Which shouldn't come as a surprise. After all, Australia's and England's suicide rates have been completely unaffected by gun confiscation, and, as I mentioned above, Japan and Korea have much higher suicide rates than the US, in the nearly complete absence of guns.

All of this raises some questions: why are confiscationists so credulous? Harry, the actual study, as opposed to some journalist's incompetent description thereof, took me seconds to find. Did it ever occur to you to look at it to see if it passed a sniff test? Or was its adherence to the narrative the only fact you needed? That tendentious "if" I mentioned above should have been a giveaway: there is absolutely no reason to think that if a particular highly lethal means of suicide was to disappear, men would suddenly approach suicide as women do.

In other words, Harry, help me understand why progressives are so crappy at even simple analysis.
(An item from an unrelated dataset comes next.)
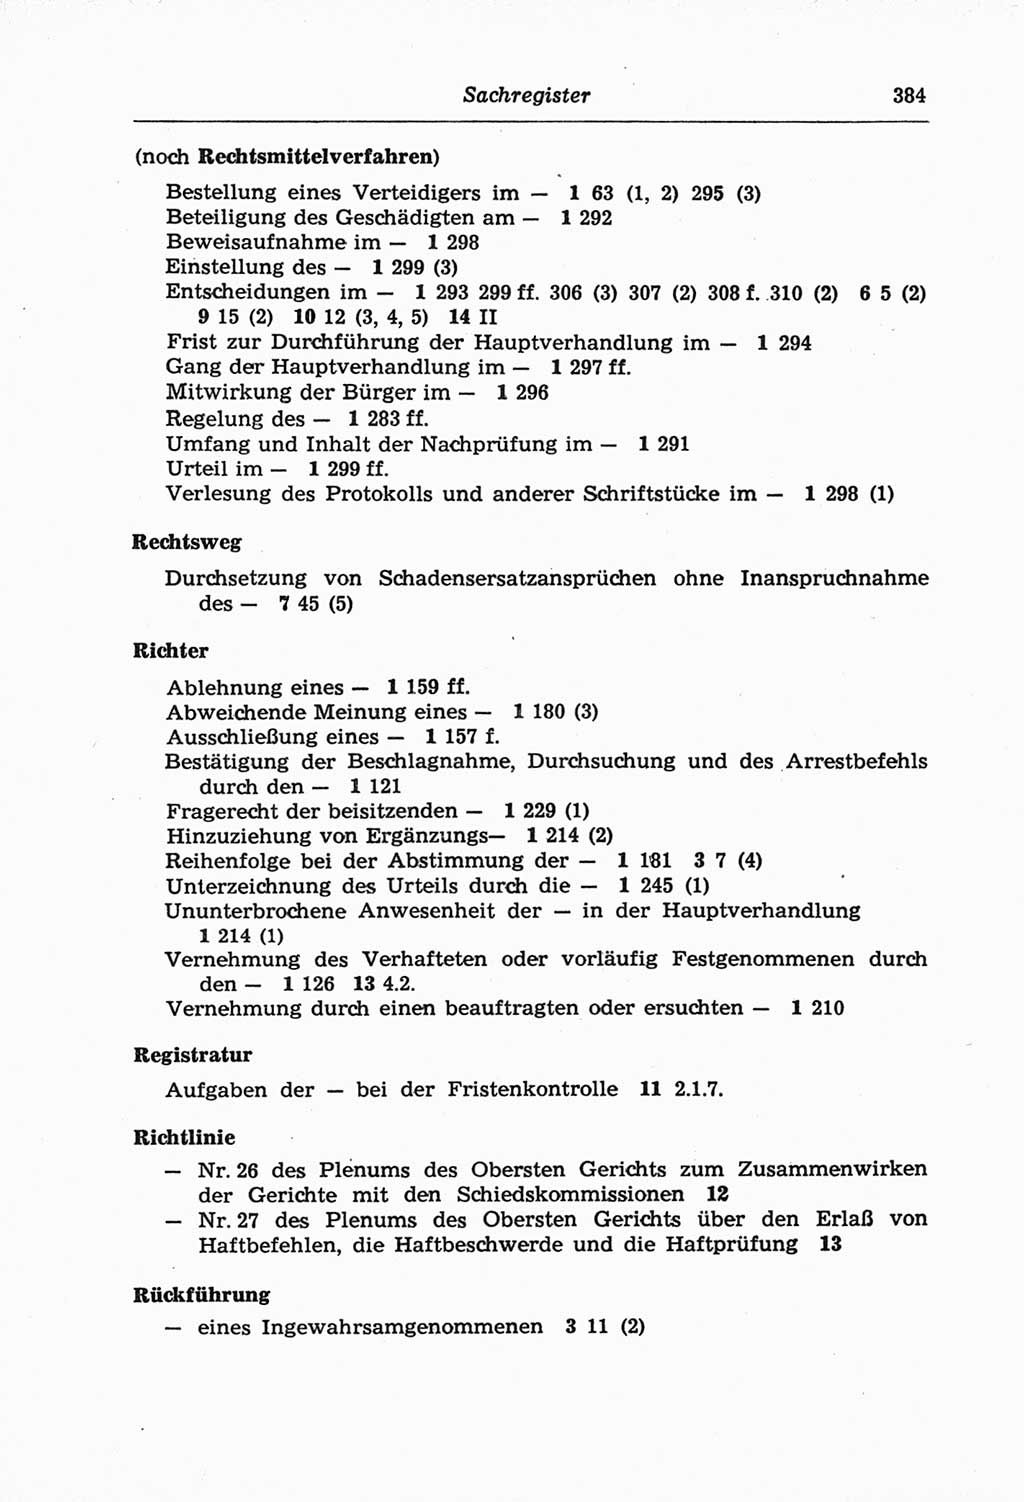 Strafprozeßordnung (StPO) der Deutschen Demokratischen Republik (DDR) und angrenzende Gesetze und Bestimmungen 1968, Seite 384 (StPO Ges. Bstgn. DDR 1968, S. 384)

Finally, there is another serious point to be made here. Republicans long ago prohibited the CDC spending any money to analyze gun violence.

This study is exhibits A, B & C as to why. This study is a glaring example of numbers marshaled to prop up a pre-existing conclusion, to the extent that it fails even the most elementary deductive conclusion. Moreover, I strongly suspect that if the authors had included gender and race ratios — both of which are whopping great differences when it comes to suicide — they would have concluded that legal gun ownership is merely a proxy.

Suicide is the disease, not guns (or ropes, fourth floor windows, etc — none of which confiscationists want the CDC to investigate).

erp said...

On a happier note, Happy 4th of July.

Howard said...

...help me understand why progressives are so crappy at even simple analysis

Lousy critical thinking skills seem to go with the territory. Partially, it's about an unwillingness to accept the constrained or tragic vision of human nature.

Hey Skipper said...

Obviously, even more gun control is required.